Unconventional Evolution: Notes from the "Cliff Jolly Conference"

Category: Anthropology

As I mentioned just prior to my move to Sb, I spent this past Saturday at NYU at the "Evolutionary Anthropology at the Interface" conference, which was primarily a celebration of the work of Cliff Jolly. I'm still a bit over my head when it comes to knowing the full "Who's Who" of evolutionary anthropology, but I do know that Cliff Jolly is most well known for his "seed-eaters" hypothesis of human origins, in which extant baboons (Papio sp.) are proposed to be better primates to study when considering primate origins and a seed-eating diet is put forward as one of the more important evolutionary changes that paved the way for later hominins. I won't go into detail about the hypothesis here as I would like to stick to what was said at the conference at the moment, but hopefully I'll be able to return to it for a more detailed explanation in the near future.

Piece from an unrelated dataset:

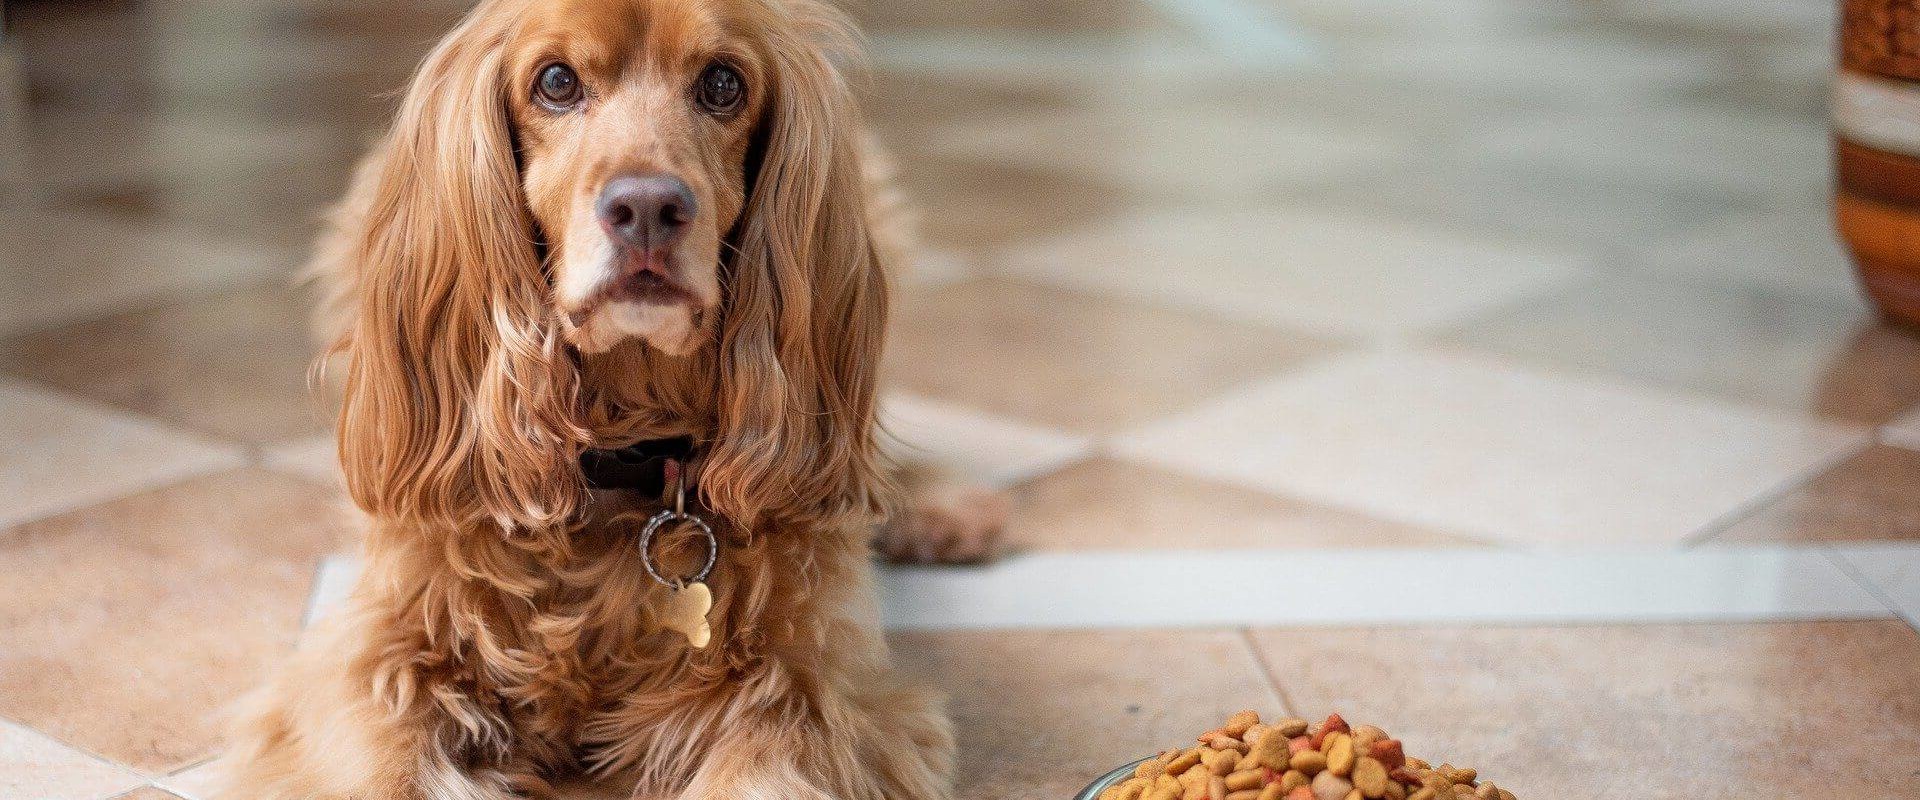 What brand of dog food is killing dogs?

Even though arrived at the conference a little bit late, I did get to see the majority of Karen Strier's presentation entitled "Seeing the forest through the seeds," which focused on the Northern Muriqui (Brachyteles hypoxanthus) and its demography. As Strier pointed out, primates in dense jungles like those that the muriqui inhabit in Brazil can be difficult to research, and many studies on primates are carried out for a year or two. Larger overall trends are usually not recorded, however, as no one is there to see them. Fortunately, people have been studying at least one population of B. hypoxanthus for at least 25 years, and the size of the group has increased dramatically. Within a quarter of a century the population shot up from 22 to 83 (with 6 adult males initially and 25 now). Such a large increase in populations is certainly going to change how the behavior of the primates, and it seems that as the population size of the particular B. hypotxanthus group increased, a greater number of females dispersed outward and less immigrated in. How these changes will influence the population in the long-term, however, will require more study as these primates are relatively long-lived and the effects of a larger group size, female dispersal, and an increased number of adult males will require many years of research to understand.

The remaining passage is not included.